How Reflex Responses and Personality Play into the Bystander Effect

Life preserver ring floating in water

When asked about emergency situations, most people say they would spontaneously help another person. However, not everyone does so in real life, especially when there are other people around, a phenomenon known as the bystander effect.

Traditional explanations for bystander apathy include three psychological factors: diffusion of responsibility, or the reduction of individual feelings of responsibility when more people are present; evaluation apprehension, or the fear of unfavorable public judgment while helping; and pluralistic ignorance, or the belief that because no one is helping, the situation is not actually an emergency.

Despite extensive literature on these three situational factors that facilitate bystander apathy, other non-situational factors are relatively unstudied. A recent literature review from researchers Ruud Hortensius and Beatrice de Gelder in Current Directions in Psychological Science outlines a new theoretical model of bystander apathy that incorporates neural, motivational, and dispositional aspects. They suggest that personality plays a key role in a bystander’s reflexive or reflective reactions, and conclude that we don’t consciously choose apathy, but rather reflexively behave in that way.

Hortensius and de Gelder first discuss the neural mechanisms of bystander apathy, exploring whether refraining from helping behavior reflects deliberative decision making or a more reflexive process. Recent neuroimaging research finds that when individuals observe a threatening scene, there is an automatic activation of brain areas associated with preparatory responses.

For example, in a recent fMRI study, researchers observed participants’ neural activity as they watched a video of an elderly woman falling to the ground alone, or in the presence of one, two, or four people. A greater number of bystanders was correlated with a decrease in activity in the postcentral gyrus and the medial prefrontal cortex (MPFC), brain regions that have been implicated in preparing helping responses.

Another study focused specifically on the MPFC, a region involved in many emotional and social processes including prosocial behavior. The researchers employed a virtual reality scenario in which participants and four bystanders come across an individual who is trapped in the burning building they are all trying to evacuate. Participants who chose to help showed relatively greater activity in the MPFC than did those who chose not to help.

But was their choice reflexive or reflective? One recent study suggests that choices focused on other people’s needs are faster and more reflexive than computations involved in the choices we make that are focused on the self. However, both types of choices engage the MPFC, so computing reflexive responses to other-focused situations might also be influenced by individual-level factors such as experience and personality.
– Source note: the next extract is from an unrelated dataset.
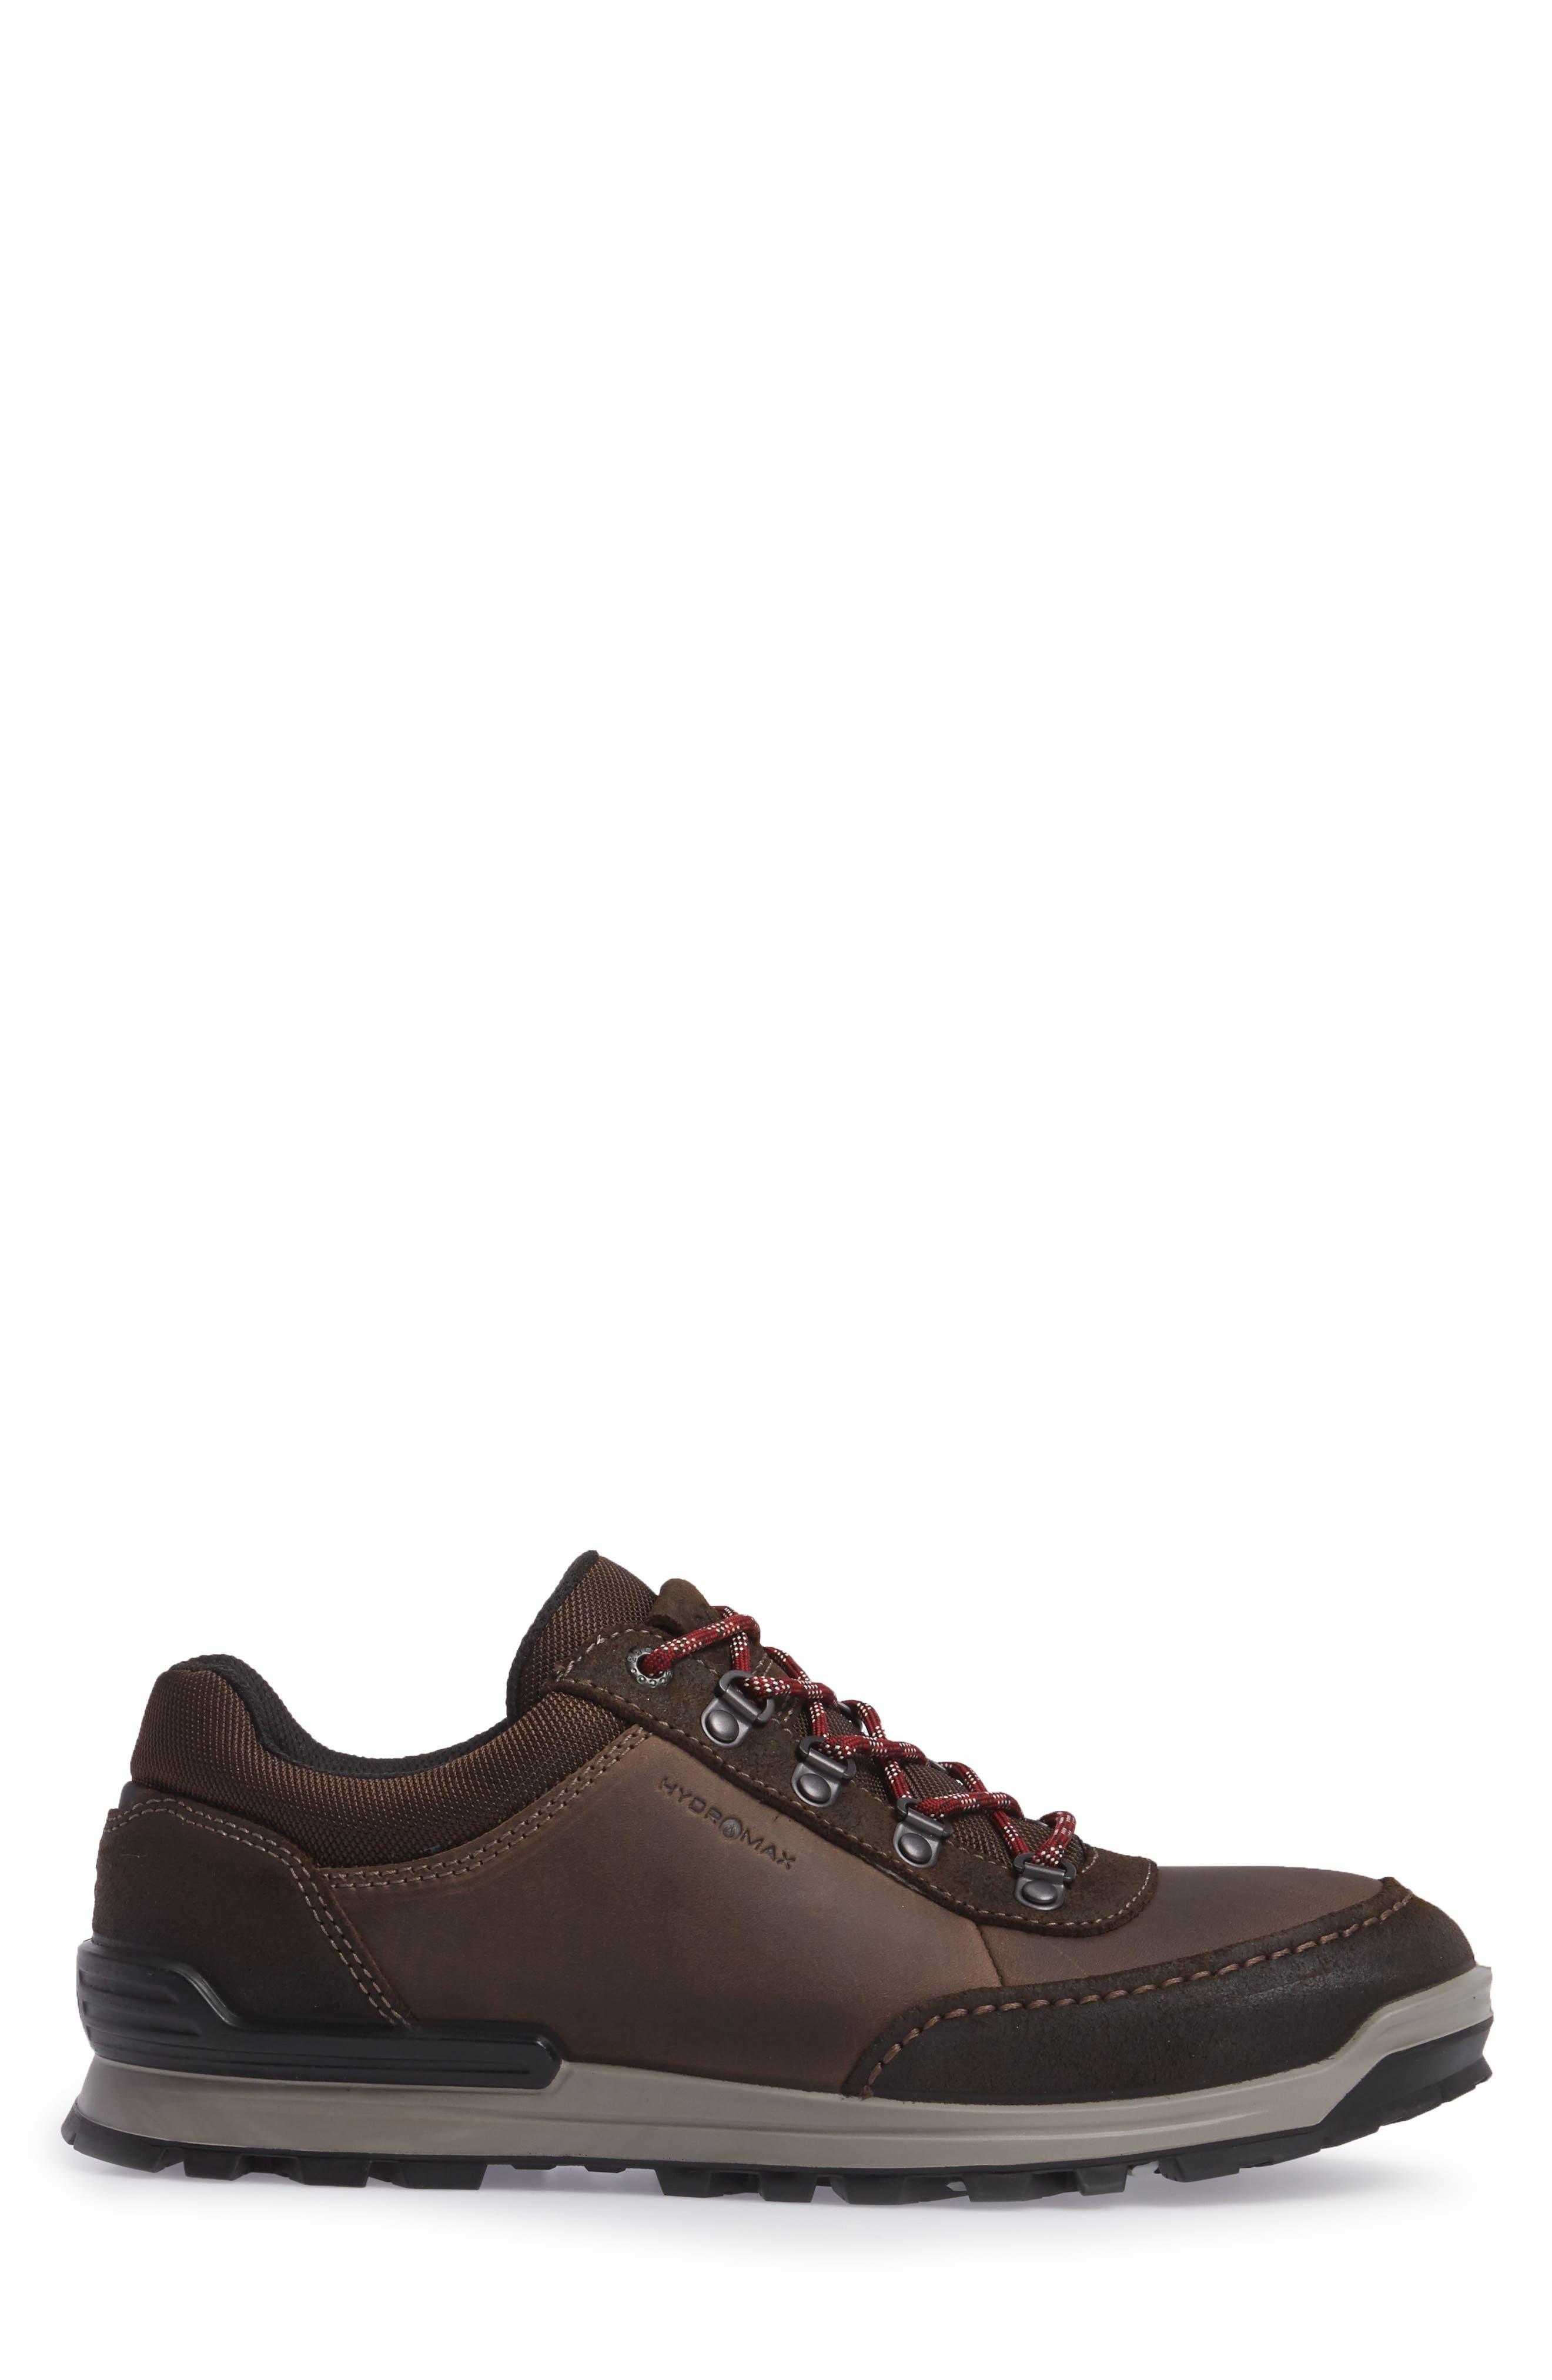 Oregon Sneaker,                             Alternate thumbnail 3, color,                             COFFEE NUBUCK

Early bystander effect studies showed no evidence that disposition played a meaningful role, so it has received relatively little scrutiny since. However, other research has shown that personality traits, specifically sympathy and personal distress, do influence various helping behaviors. In light of this, Hortensius and de Gelder conducted a study examining these traits in the context of emergency situations. Sympathy is an other-oriented response driven by compassion and care, while personal distress is an automatic self-oriented response characterized by discomfort. The authors found that participants who were higher in trait-level sympathy and in personal distress were faster to press a “go” button to prepare to help when viewing a video of a woman falling to the floor, when no other bystanders were present on screen. With greater numbers of bystanders, personal distress was associated with a decrease in helping behavior, but sympathy was not, which reflects the differences between other-focused and self-focused responses in emergency situations.
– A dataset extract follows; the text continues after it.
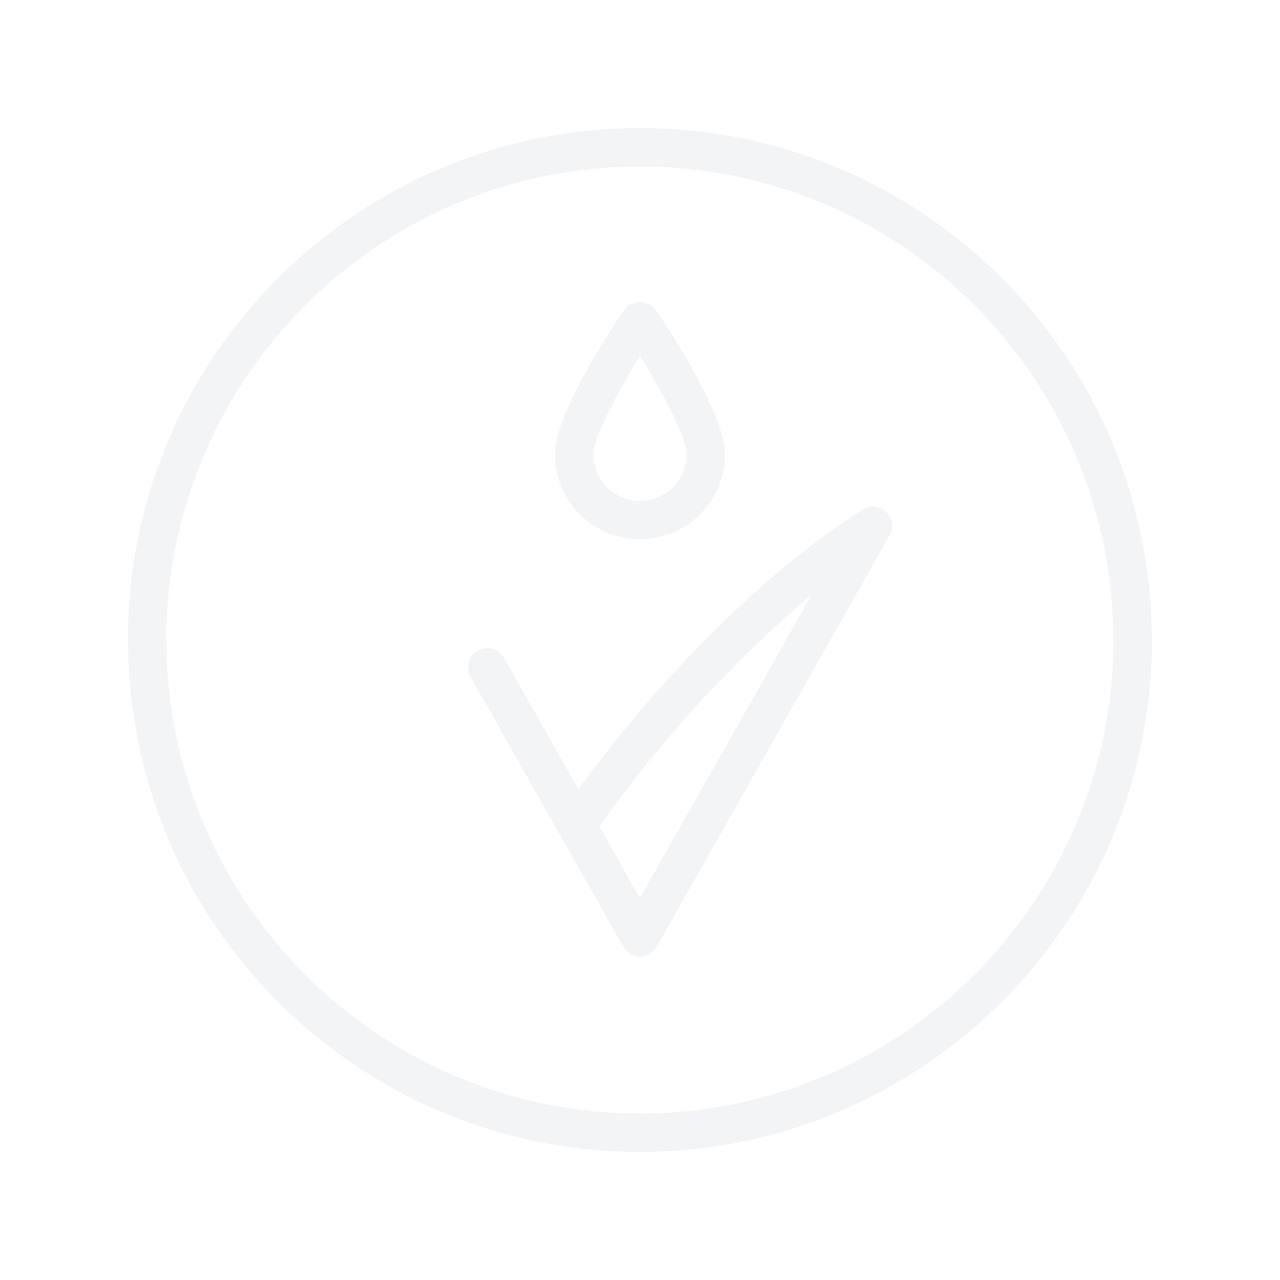 JOICO Vero K-Pak Color Intensity Magenta 118ml

The authors elaborate on an existing motivational model that describes sympathy and personal distress as two evolutionary but oppositional systems that engage when people observe an emergency. The reflexive, instantaneous response to an emergency is personal distress, and the activation of the fight-freeze-flight response inhibits helping behavior. A second, slower feeling of sympathy then activates a reflective system, which counteracts the reflexive response and promotes helping. The likelihood that a person will help is the net result of the two systems, and the presence of bystanders increases the relative activation of the first system. Although individuals engage both systems, the balance between the two varies according to individual dispositional characteristics.

And research suggests that some additional factors, such as the composition of bystander groups, may also play a role. Previous studies have shown that when bystanders know each other, bystander apathy decreases. Individual competence relative to other bystanders also influences the likelihood to help, which, the authors explain, may suggest that only the fittest individual should provide help in an emergency. According to Hortensius and de Gelder, future studies that build from this more comprehensive model can help researchers understand the nuances of bystander behavior, such as composition, in emergency situations.


Hortensius, R., & de Gelder, B. (2018). From empathy to apathy: The bystander effect revisited. Current Directions in Psychological Science.